### GOAL OF THE EXERCISE:
All lines below must be repeated exactly, with the pictures omitted.

### SUPPLIED DATA:
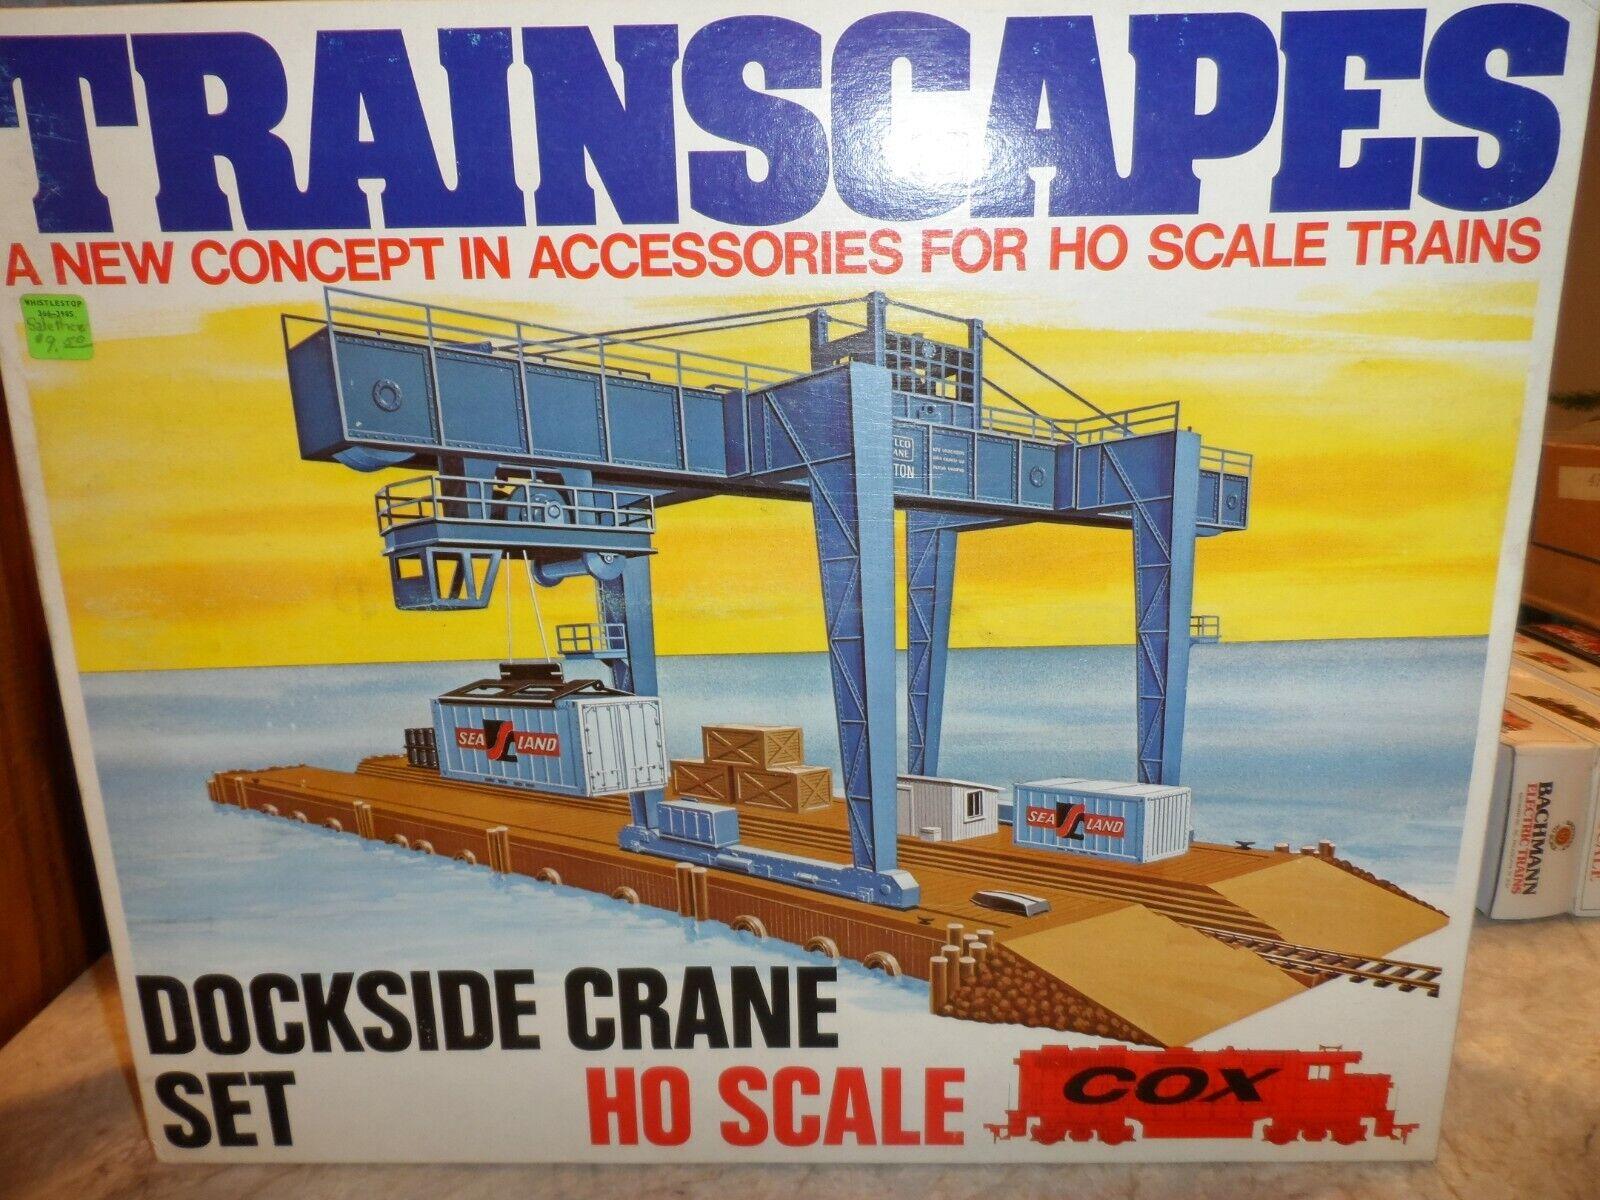 COX scala HO treno scapes Dock lato Crane Set N.I.B.
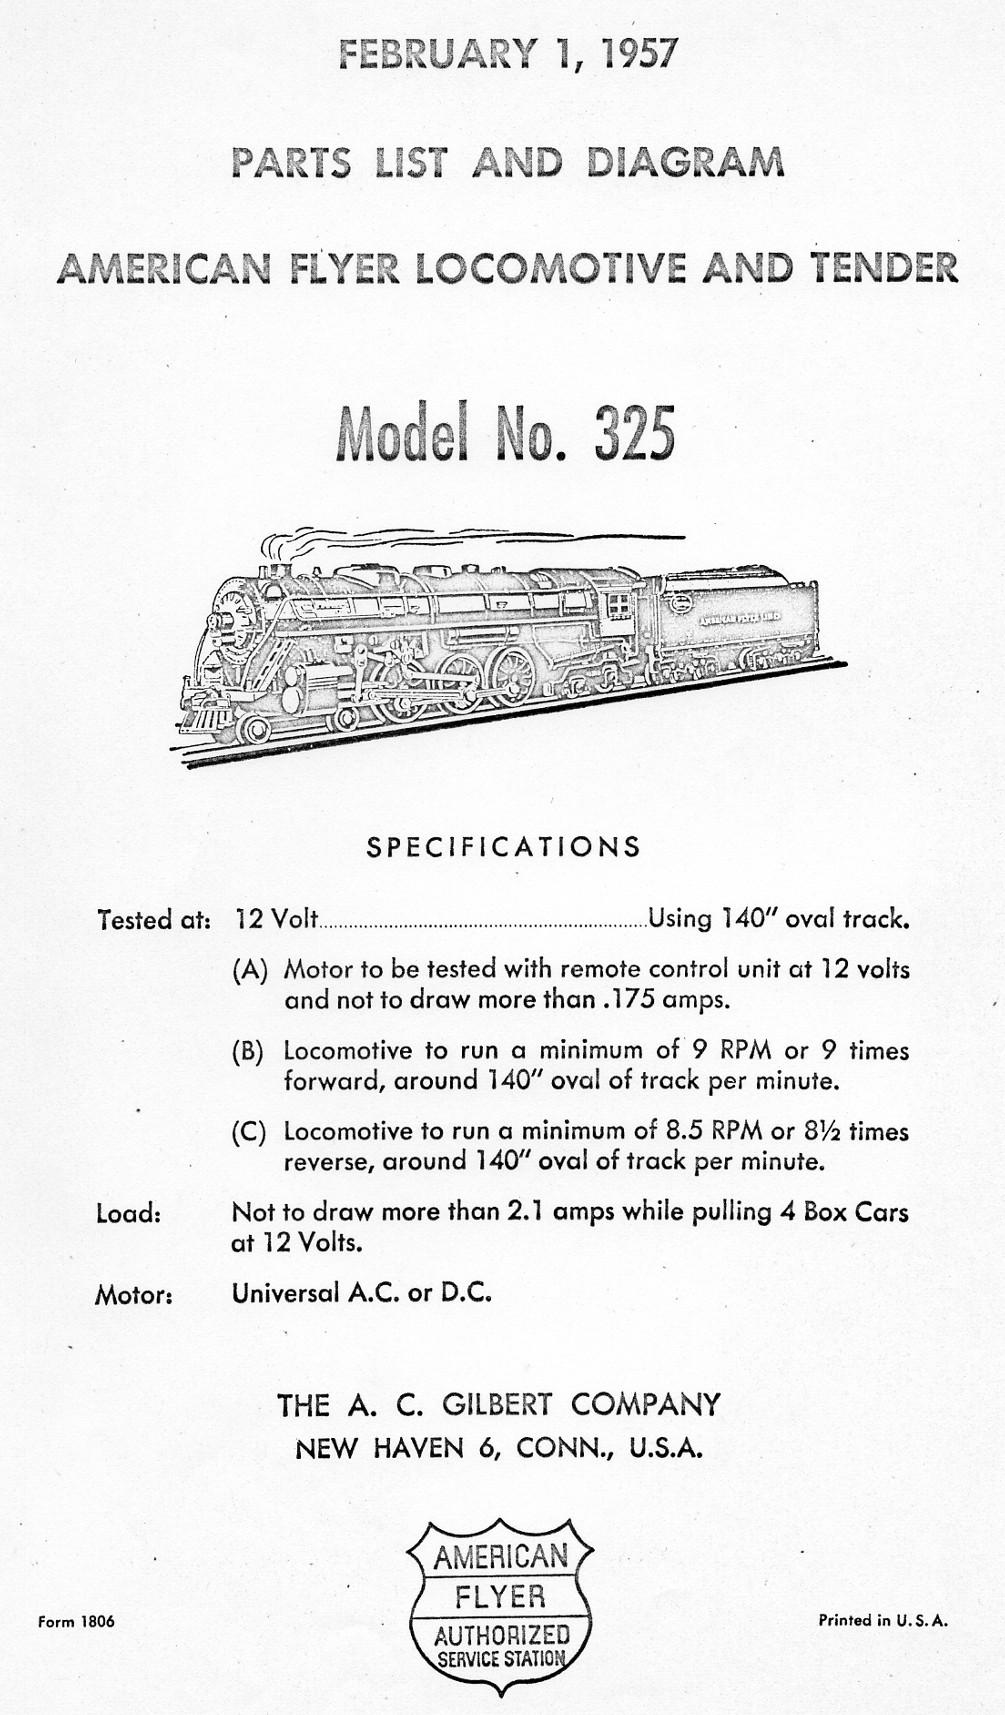 American Flyer Locomotive 325 & K325 Parts List & Diagram Parts List and Diagram - Page 1
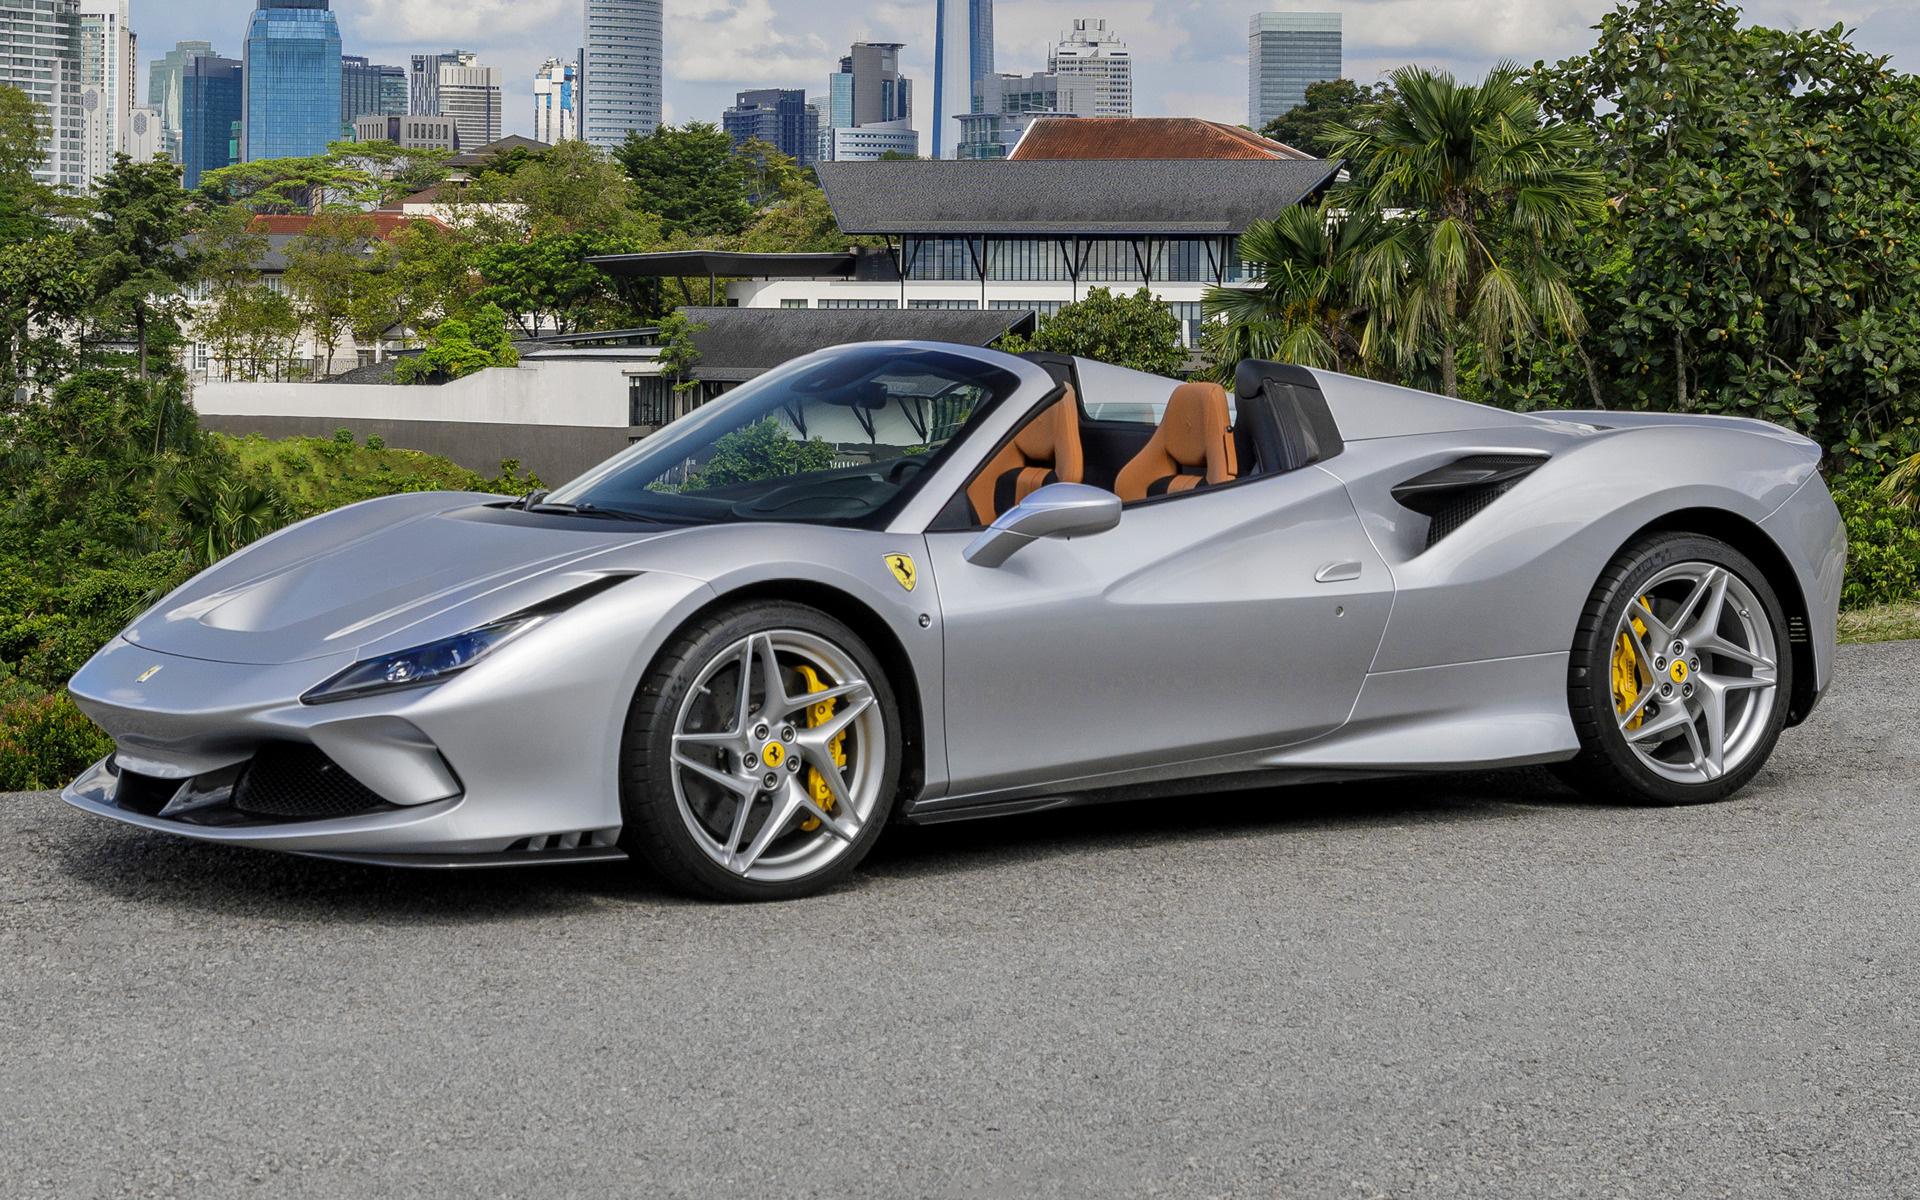 2020 Ferrari F8 Spider Wallpapers And Hd Images Car Pixel

### RESPONSE AREA:
 COX scala HO treno scapes Dock lato Crane Set N.I.B.
 American Flyer Locomotive 325 & K325 Parts List & Diagram Parts List and Diagram - Page 1
 2020 Ferrari F8 Spider Wallpapers And Hd Images Car Pixel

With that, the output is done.